Activists say more than 400 people have been killed since security forces launched an assault on the city’s opposition-held areas on February 4.

Activists say more than 6,000 people have died throughout Syria since March, while the government claims that at least 2,000 members of its security forces have been killed combating "armed gangs and terrorists."

Sudanese General Mohammed al-Dabi
Sudanese General Mohammed al-Dabi
The Gulf Cooperation Council (GCC), which has expelled Syrian ambassadors from its member countries, also met on February 12.
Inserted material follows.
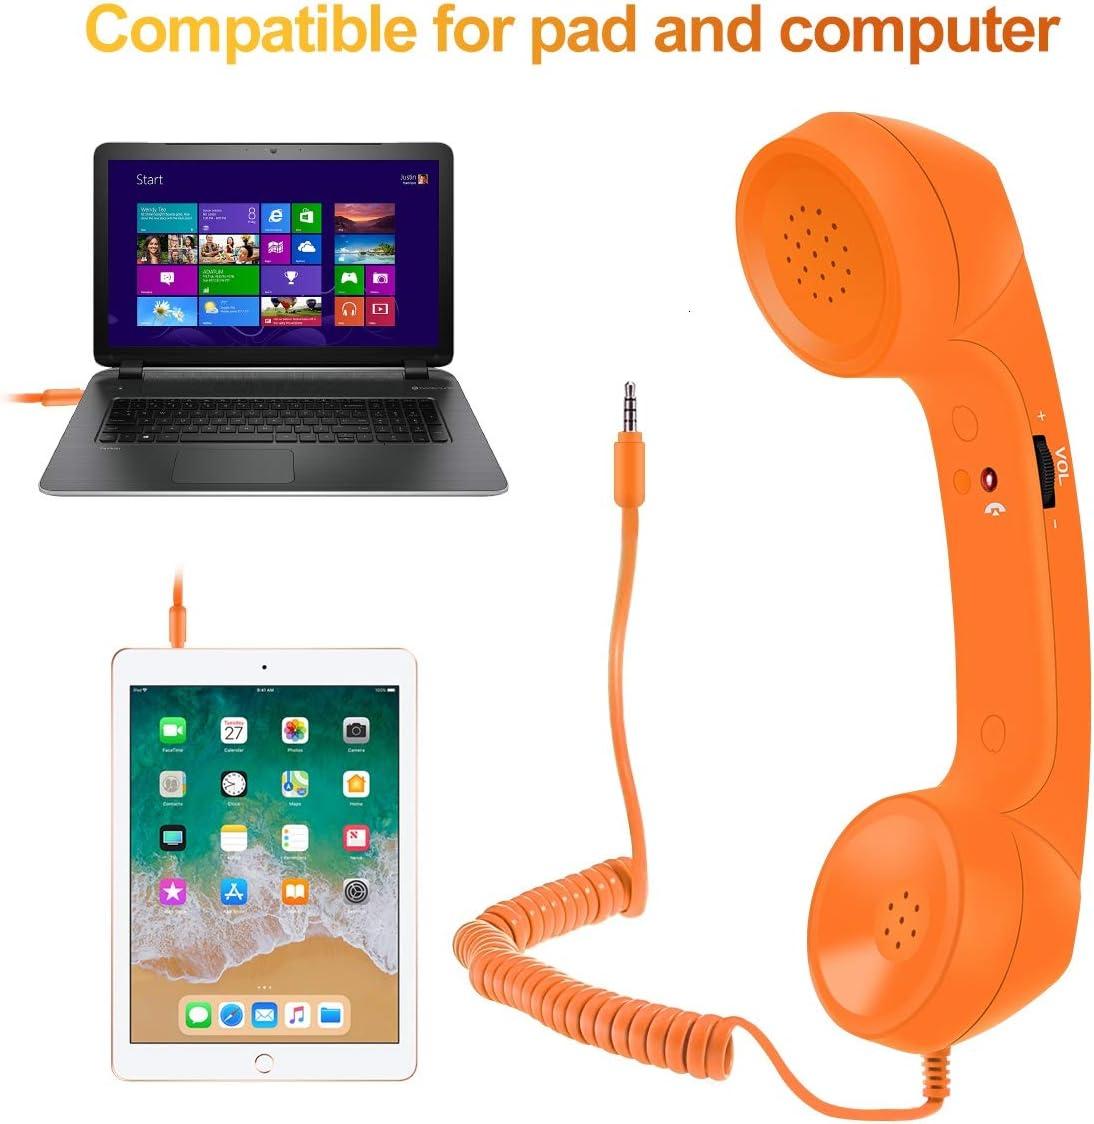 Cell Phone Handset Retro Telephone Handset Radiation Proof Handset Receiver 3.5mm for iPhone Computer Smartphone Orange Feeko Retro Handset iPad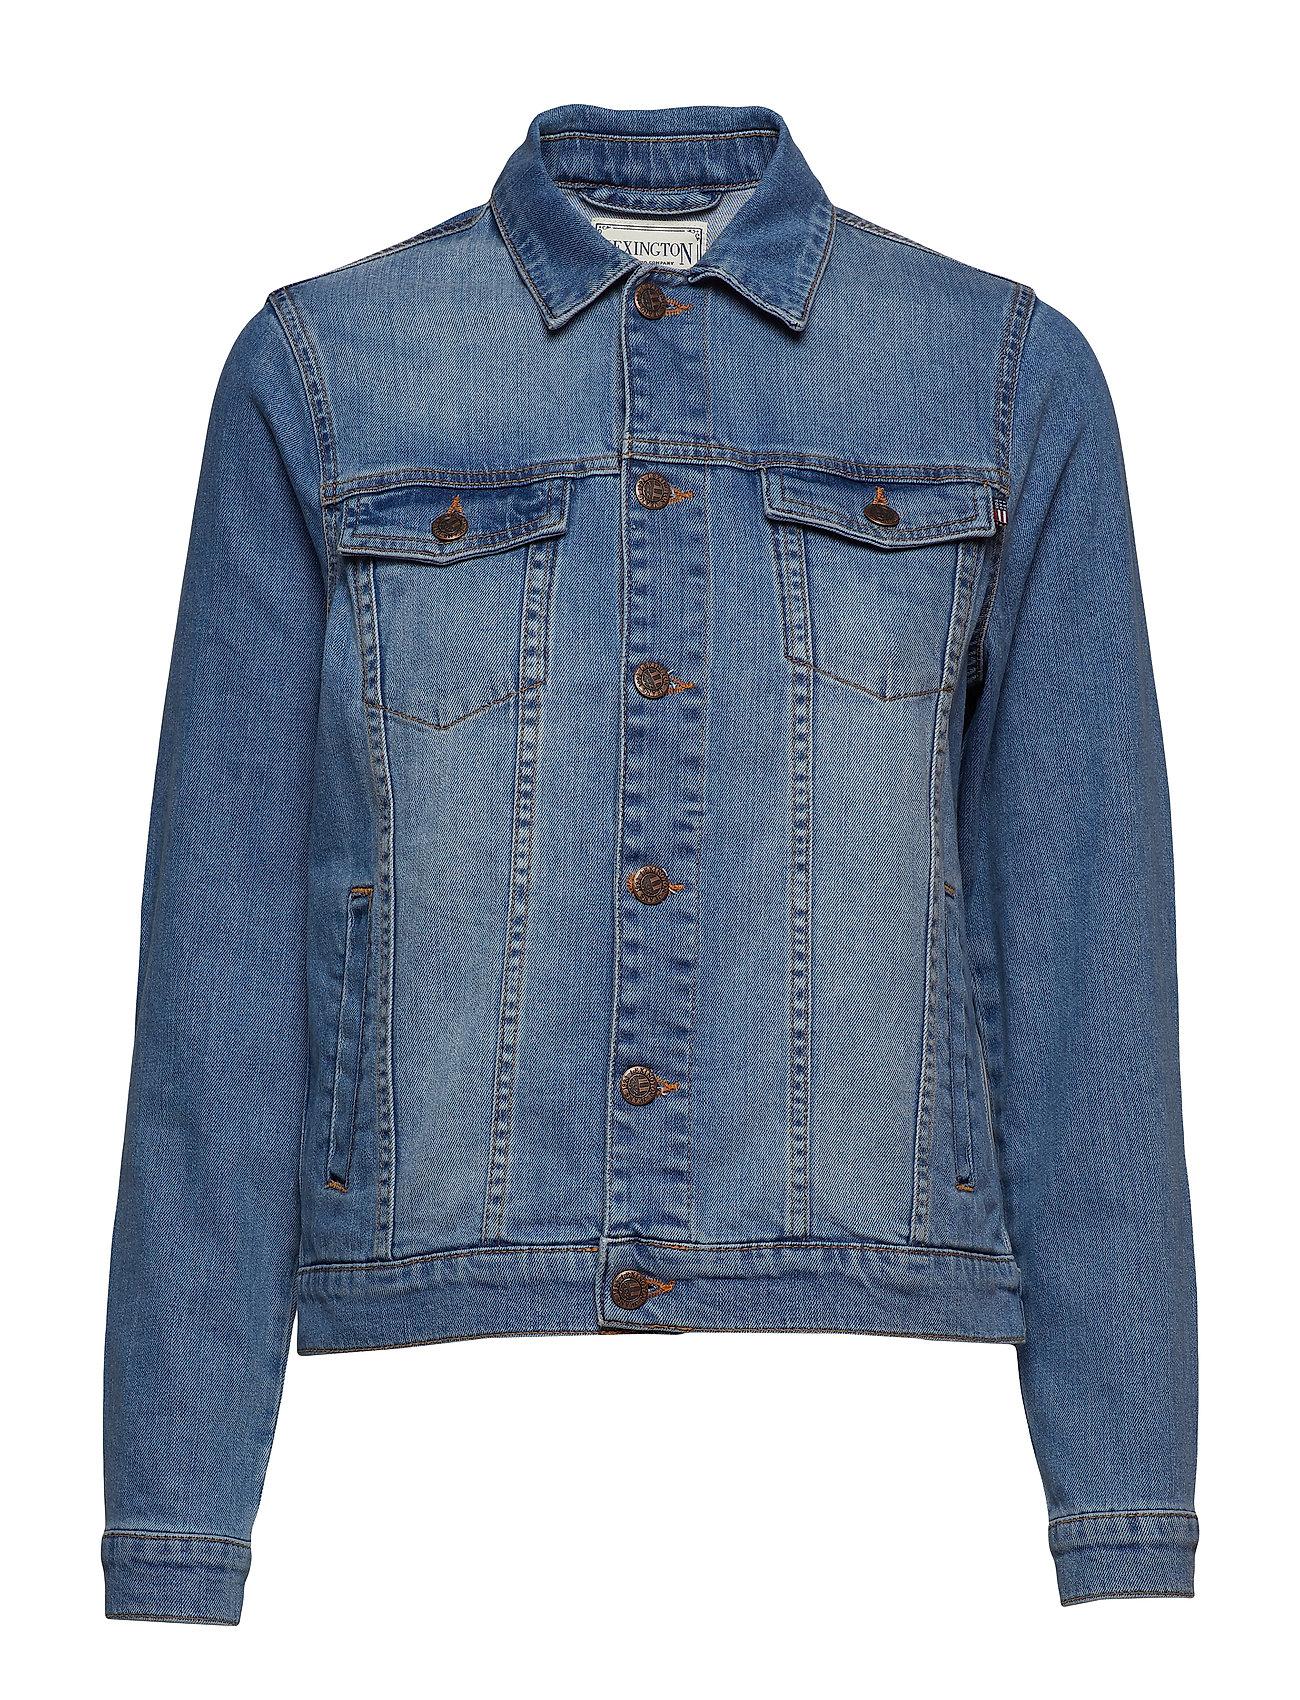 Lexington Clothing Marcie Blue Denim Jacket - LT BLUE DENIM

Saudi Arabia, a GCC and Arab League member, is circulating a draft resolution at the UN General Assembly similar to the one vetoed in the Security Council by China and Russia on February 4.

The text supports the Arab League peace plan that calls on President Bashar al-Assad to hand over power to his vice president.

There is no power of veto at the General Assembly but its resolutions have no legal force, unlike those of the Security Council.

Meanwhile, Al-Qaeda leader Ayman al-Zawahri is calling on Muslims across the Arab world and beyond to support the rebels in Syria.

In an eight-minute video posted on the Internet, Zawahri urges Muslims in Turkey, Iraq, Lebanon, and Jordan to come to the aid of Syrian rebels.

The Egyptian-born Zawahri also called on Syrians not to rely on the West or Arab governments in their uprising against Assad's "pernicious, cancerous regime."